There’s the potential here for a 4 year story arc starting in 1347. Season 1 would start with the beginnings of the plague, in Kaffa, with Jani Beg’s Mongol troops throwing bodies over the walls. Then, I’d show the Genoese sailing back to Genoa with the plague. Season 2 I’d start in Italy and move to France and Spain. Season 3, I’d show the plague infecting Britain and in the final season, I’d show it reaching Scandinavia before eventually petering out. I’d also show other aspects of the plague, like the persecutions that took place against religious and ethnic minorities like the Jews, who were wiped out in certain parts of Germany, and the persecutions of Romani, and foreigners.

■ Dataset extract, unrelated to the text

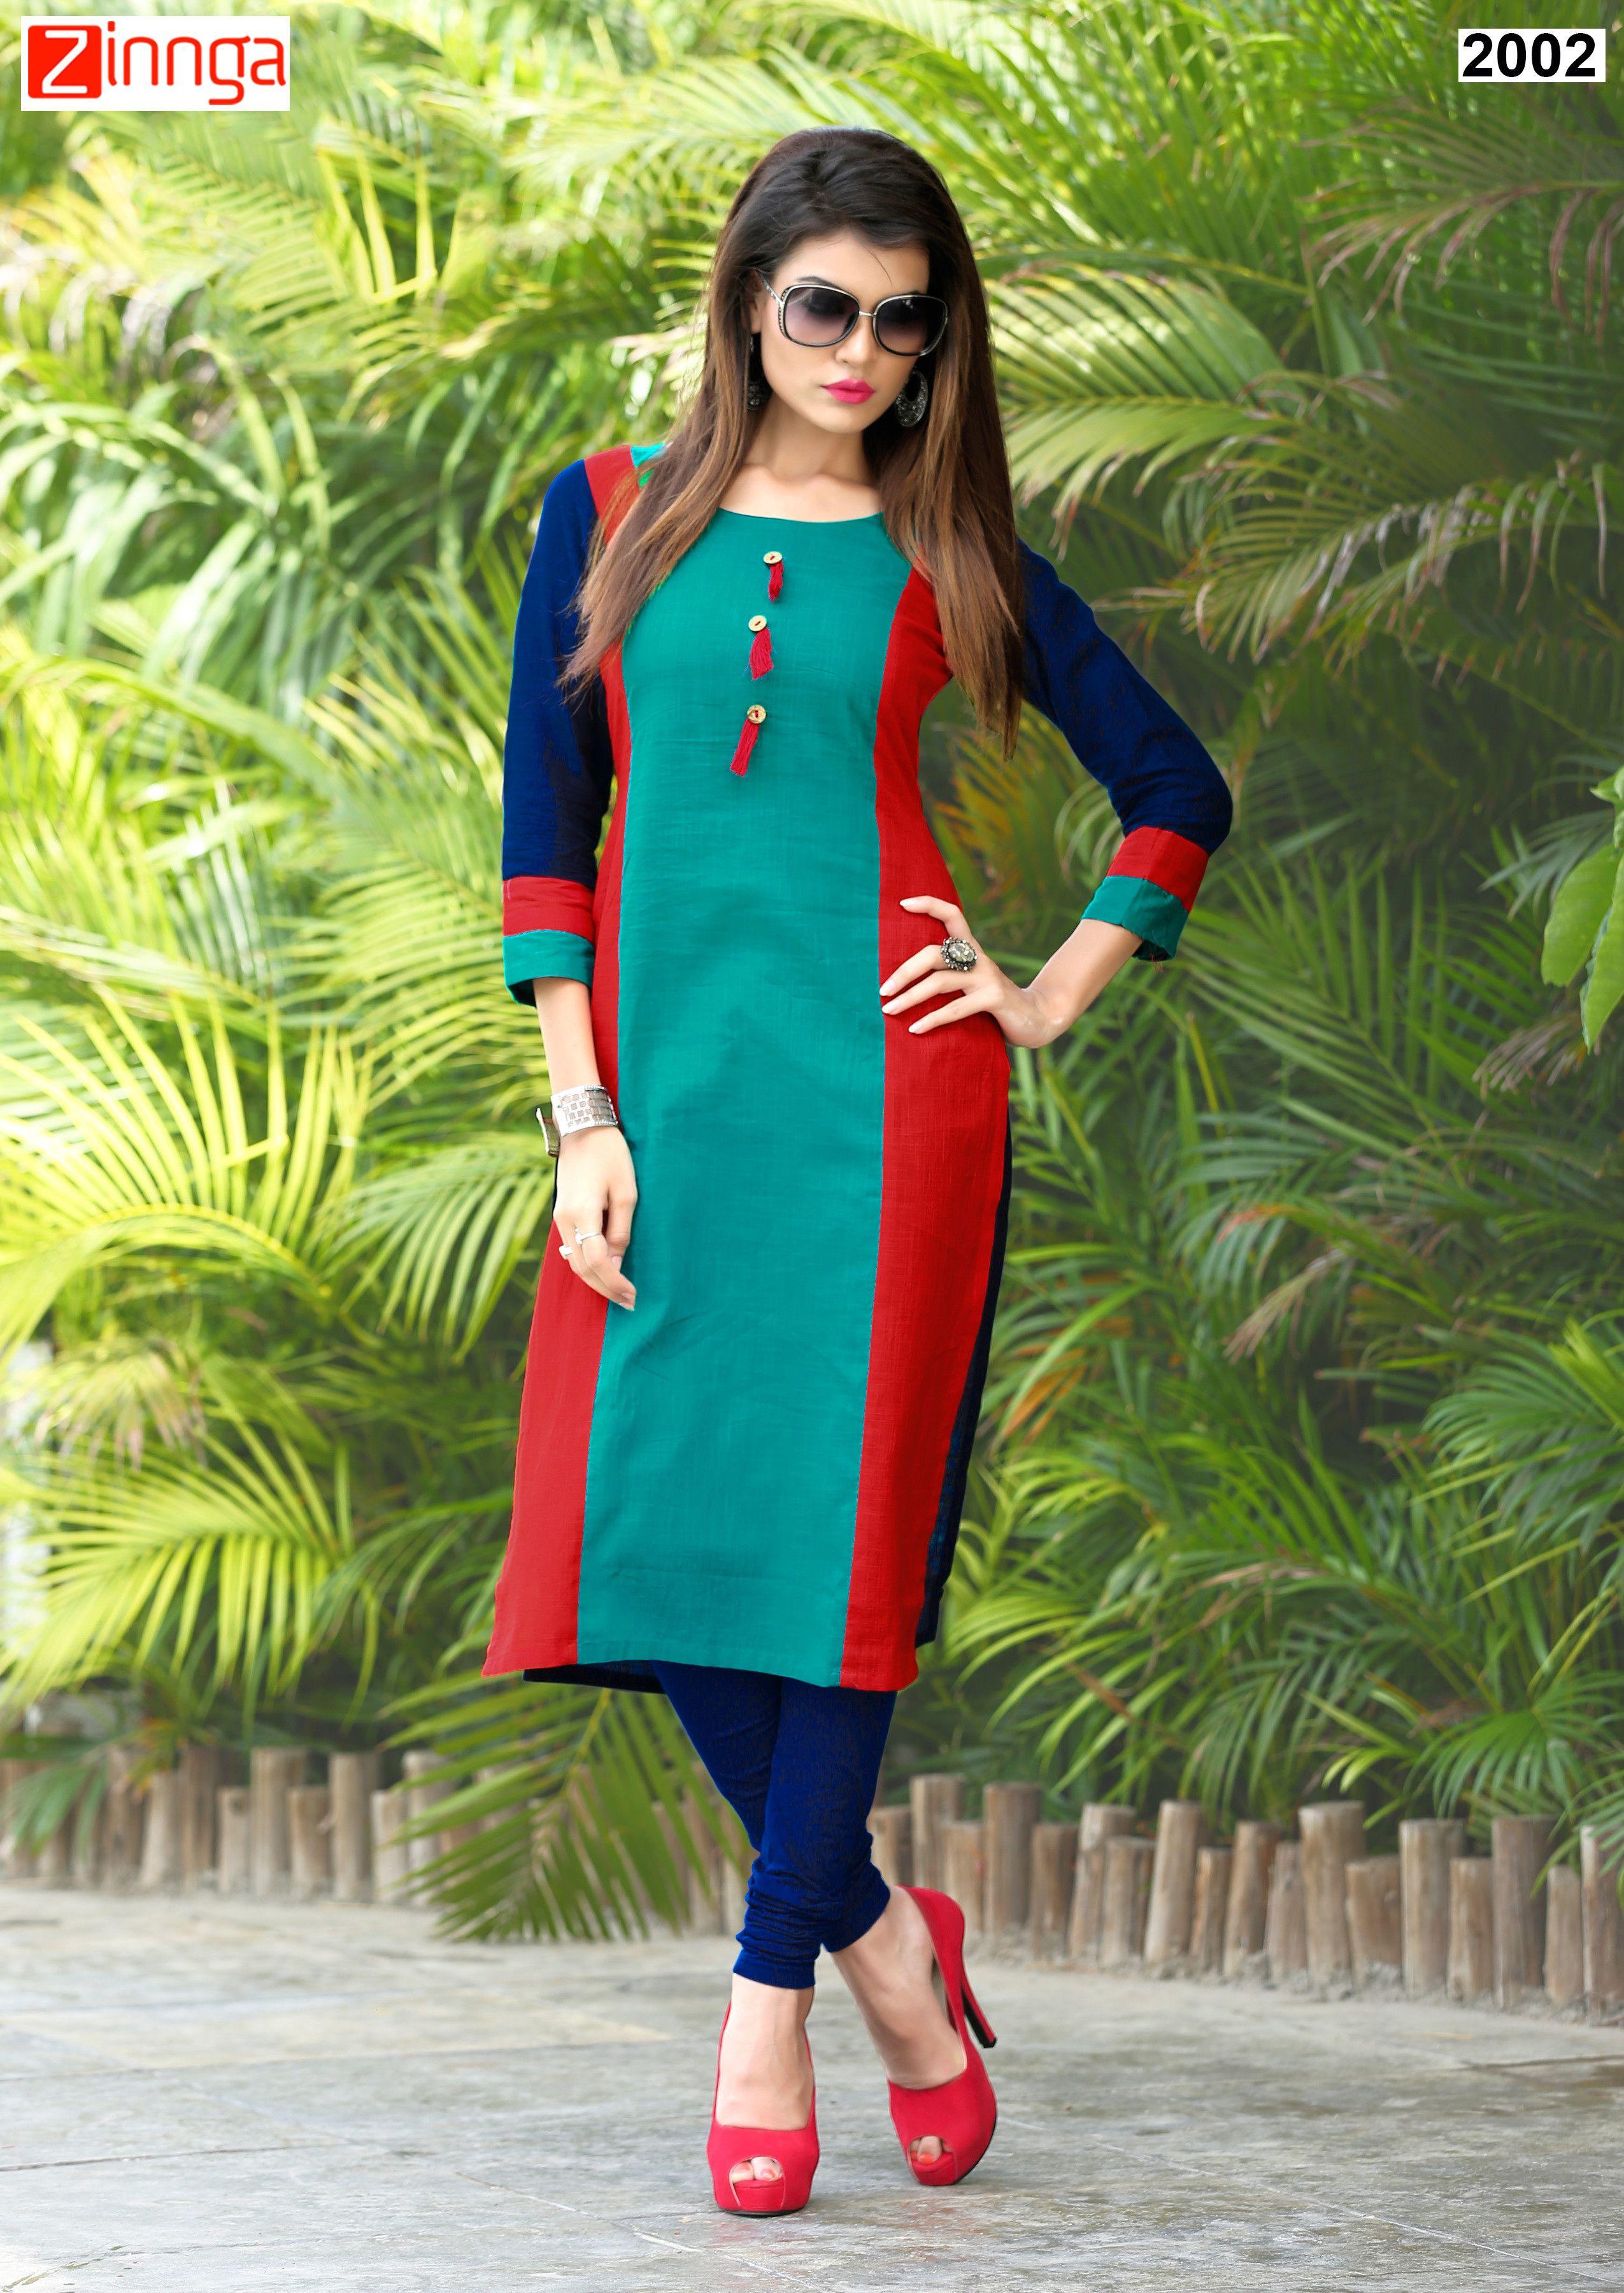 66adf6f08b Multi Color Slub Cotton Kurti #kurti #kurtis #fashion #zinngafashion  #latest #new #goodlook #goodlooking #trend #nicelook

Obviously, plague sufferers didn’t turn into zombies, but maybe a stylised version like 28 Days Later, with a crazed, infected person running about infecting others would add some scare factor to an already frightening premise.
While not quite so bloody as my other picks, the Carolingians certainly did have enough drama and political intrigue to make for a decent show. I’d kick off season 1 with Charlemagne – the entire season devoted to his rule, starting with his. Charlemagne is a well known historical figure, so for the the second season, I’d change it up a bit and focus on his son and successor, Louis the Pious and the rebellion of his 3 sons: Lothair, Pepin of Aquitaine and Louis the German. After Charlemagne dies in 814, Louis becomes ruler of the Franks. He decides to include his sons in his government but that fatherly gesture turns out to be a bad idea when they rebel against him in 3 civil wars. Louis also didn’t fare quite as well as his father – his paranoia saw him send all his unmarried sisters to nunneries so they wouldn’t marry any competition and he sent his cousins to monasteries to remove any threat to his crown. He was embroiled in a nasty scandal after he blinded his nephew (his brother, Pepin of Italy’s son) because he thought he was plotting against him. Even after Bernard willing met him to surrender, Louis sentenced him to death and then commuted the sentence to blinding. Unfortunately, for Louis this ended up killing Bernard 2 days later and it left a bad mark on Louis for the remainder of his rule. There is no angle here, just a good story about a legendary king, and his dynasty.
Medieval Murder: Gilles de Rais
If you’ve watched the shows, Dexter, The Fall, or The Following, this is where I’m going with this serial killer angle. I’d like a show about catching a serial killer but in a medieval setting. Gilles de Rais gives us that. A knight from a noble family, a commander in the French Royal Army, Marshal of France, and eventually, a convicted serial killer, who mainly preyed upon young boys. It’s said he killed anywhere between 80-200 children, ages 6-18. However, because he burned most of the bodies, the figure could be much higher. The show would end, obviously, with his trial and execution, but you could have a few seasons leading up to his capture, the hideous crimes he committed, and how he was eventually discovered. In 1992, a trial was held to try and rehabilitate De Rais’s image and he was found “not guilty”, however, this re-trial was very controversial and many scholars disagreed with the outcome. There is a ton of material to work with here to pull off a chilling drama: he was “buddies” with Joan of Arc, he was an accused murderer, he supposedly dabbled in the occult, and he’s the inspiration for the grisly fairy tale, Bluebeard. I’d say that all adds up to some interesting episodes.